I walk into our building with gratitude each day, and 2022 affirmed that gratitude countless times.
However, this gratitude also extends beyond my physical workspace to the online community that I’ve found the past year: to the countless back-and-forth’s with Jim on The Broken Copier podcast to numerous platforms that have helped with both the sharing and receiving of resources and strategies (especially Cult of Pedagogy, Teacher2Teacher and FutureMe.org) to the myriad, incredible educators I’ve been able to connect with on Twitter that have pushed my own thinking and expanded my perspective of what a classroom can and should be.
This work is community work, locally but also expansively, and I believe deeply in the sharing of resources as well as the critical dialogue we need to have as an education community. I’ve received so much from so many this year that has made my classroom better—and of course that is also why we have this Substack platform: to give back what we can, when we can, to the broader education community, too.
The moment this work becomes individual is the moment this work becomes constrained. And as I noted already, there are enough constraints already before the ones we create for ourselves and our students.
One More Final Gratitude:
When we started this Substack platform in the summer, we weren’t sure what it would look like as the year progressed—but now after hundreds of educators around the country have joined in, Jim and I are that much more excited about what this could be going forward.
As mentioned above, teaching is community work. Jim and I believe that to our core, so please don’t hesitate to let us know how we can make The Broken Copier even better in 2023! We always appreciate your feedback, ideas, and critiques, and hopefully we can do even more to bring myriad voices onto this platform.
Jim begins every podcast episode by naming that it is a “conversation about teaching,” and that conversation means so much more—both with the podcast as well as these posts—having all of your support and participation, and for that we are incredibly thankful.
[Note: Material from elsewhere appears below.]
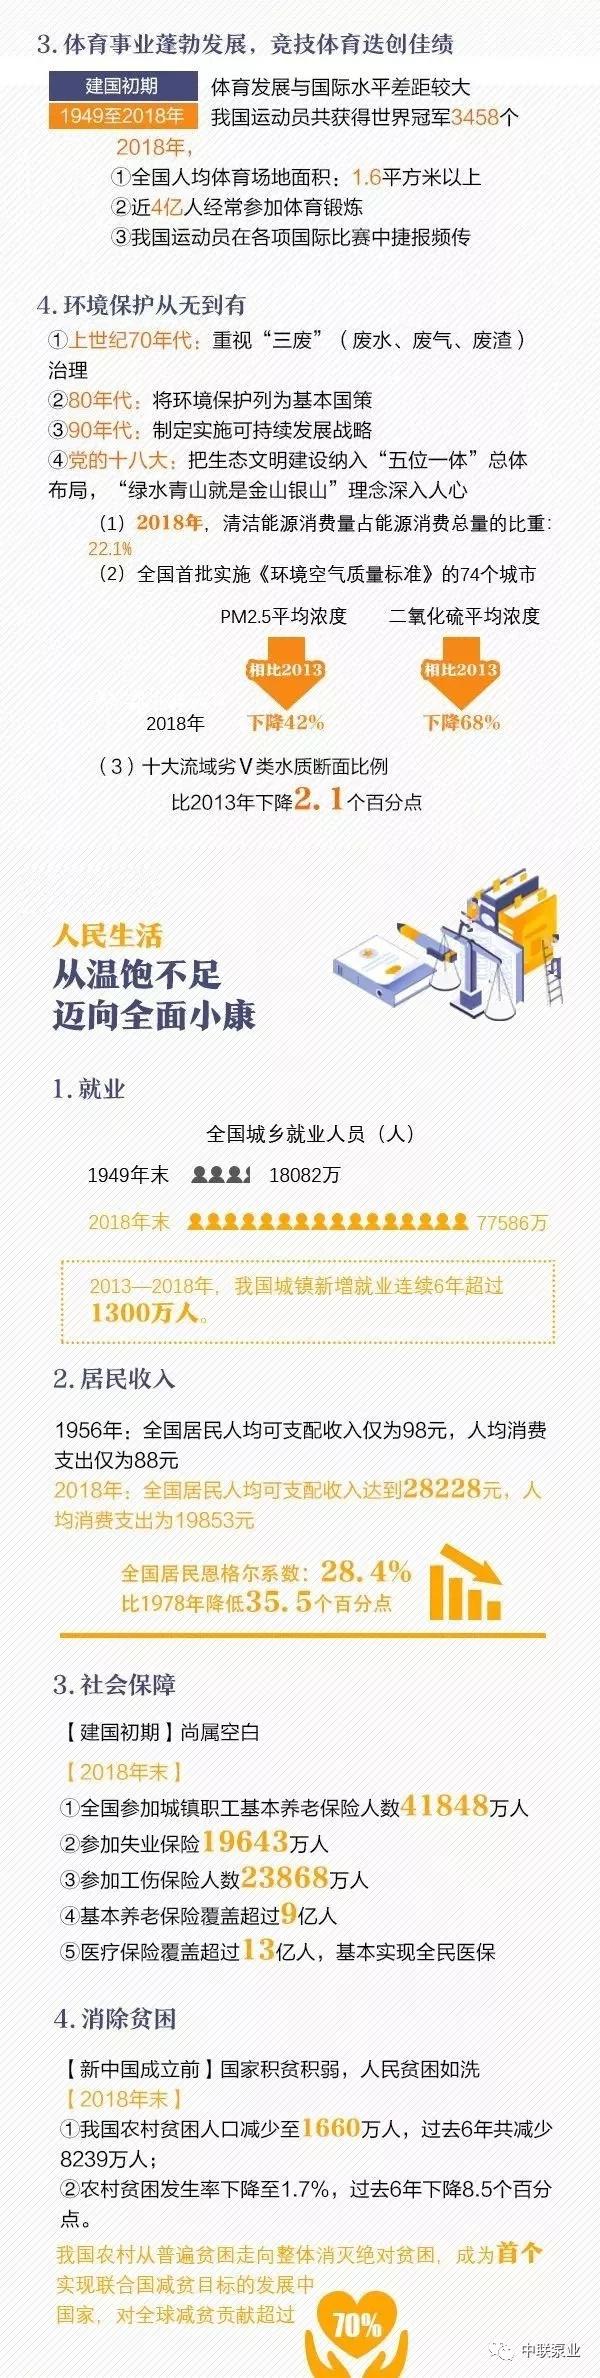 新中國建國70年變遷史5

(On that note, feel free to subscribe if you haven’t yet and also to continue sharing these posts and episodes in your circles, as we would love to continue building this Broken Copier community of readers and listeners even more in the year ahead!)
This will be the final post of 2022, so we wish you a happy New Year and cannot wait to continue this conversation and work in January.
Take care, get as much rest as possible, and buckle up for 2023!